— И не зря, — сползаю на пол и застегиваю рубашку непослушными и дрожащими пальцами. — Что вы наделали… Как вы посмели… Это подло!
Поднимаю сердитый взгляд на Виктора. Да, он подлец! Воспользовался тем, что я заснула на его кровати, подкрался, рубашечку расстегнул…
— Я хочу быть твоим первым мужчиной, — тихо говорит Виктор, а у меня мурашки по коже от его голоса.
— А я не хочу…
— А у тебя есть другие варианты?
— Нет, но…
— Я опытный мужчина, Кира, — безапелляционно перебивает меня.
— И что?
— Если с кем и терять невинность, то только с опытным мужчиной, чтобы потом тебя не переклинило.
— Я хочу по любви! — вытаращившись на него, охаю я. — Даже пальцы по любви хотела, а вы!
— Секс, Кира, не обязательно про любовь.
— Обязательно, — я поджимаю губы и бурчу. — Хотя бы первый.
Обнимаю ноги и утыкаюсь лбом в колени.

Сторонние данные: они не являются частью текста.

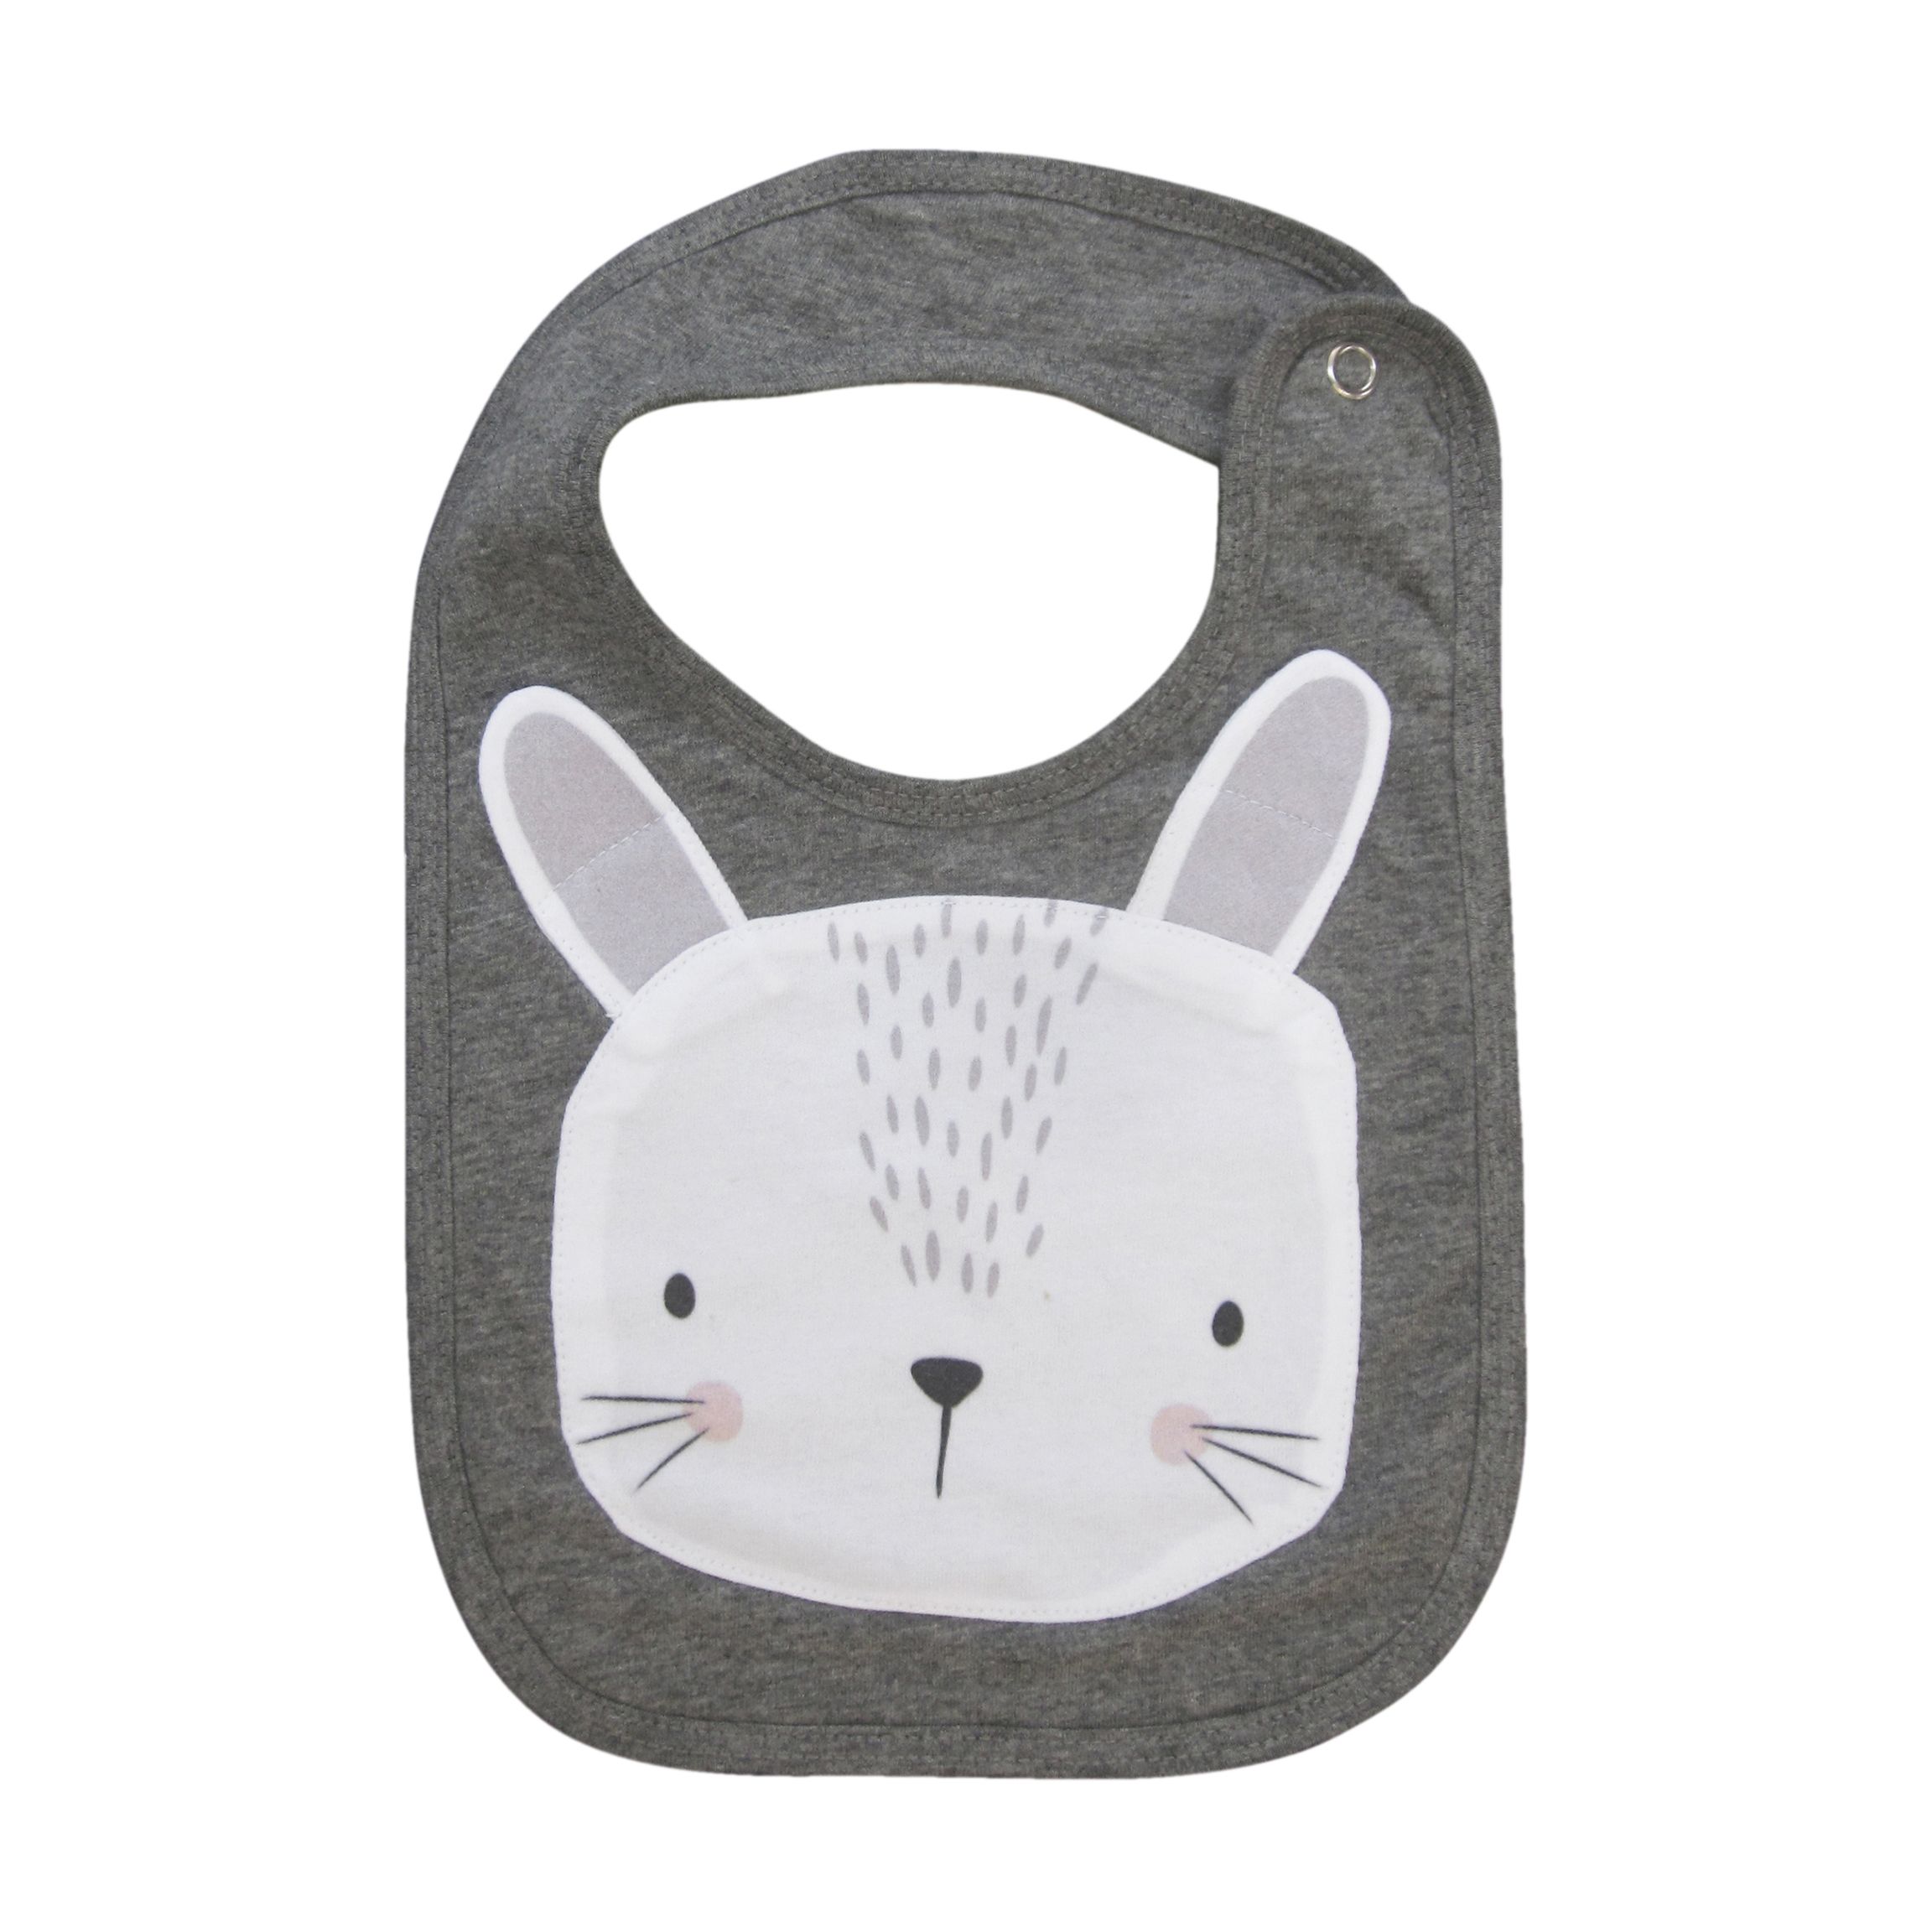 Animal Face Bib for Babies and Toddlers Everyday Wear and Mealtimes

Что толку уже говорить про любовь, если у меня украли первый поцелуй и пальцем потыкали. Это тоже потеря девственности, пусть и не было коитуса и крови. Я получила свой первый оргазм с мужчиной и то, что во мне не побывало члена — это уже мелочи.
— Твоя наивность очаровательна, — смеется Виктор.
— И вы хотите эту наивность растоптать… — крепко зажмуриваюсь.
— Вовсе нет. Я хочу раскрыть тебя и сделать из девочки женщину, — валится на кровать и закидывает руки за голову. — Сейчас ты мамина дочка, и с каждым днем ваша порочная связь крепнет. Ты хочешь до пенсии с ней жить?
— Я съеду.
— Она тебе не позволит, а если позволит, то все нервы сожрет. У тебя будет один путь…
— Какой? — встрепенувшись, спрашиваю я.
— Грандиозный скандал, после которого тебя ждет чувство вины и новые манипуляции.
В сумке вибрирует телефон, и я знаю, кто мне звонит. Я ведь не пообедала и не предупредила, что отлучилась с рабочего места по поручению. И если я сейчас не отвечу, мама потревожит Лидию Константиновну, Виктора и может сорваться в офис, чтобы выяснить, как там ее дочурка.
— Ну, Кира, ты отвечать будешь, мамуле или нет?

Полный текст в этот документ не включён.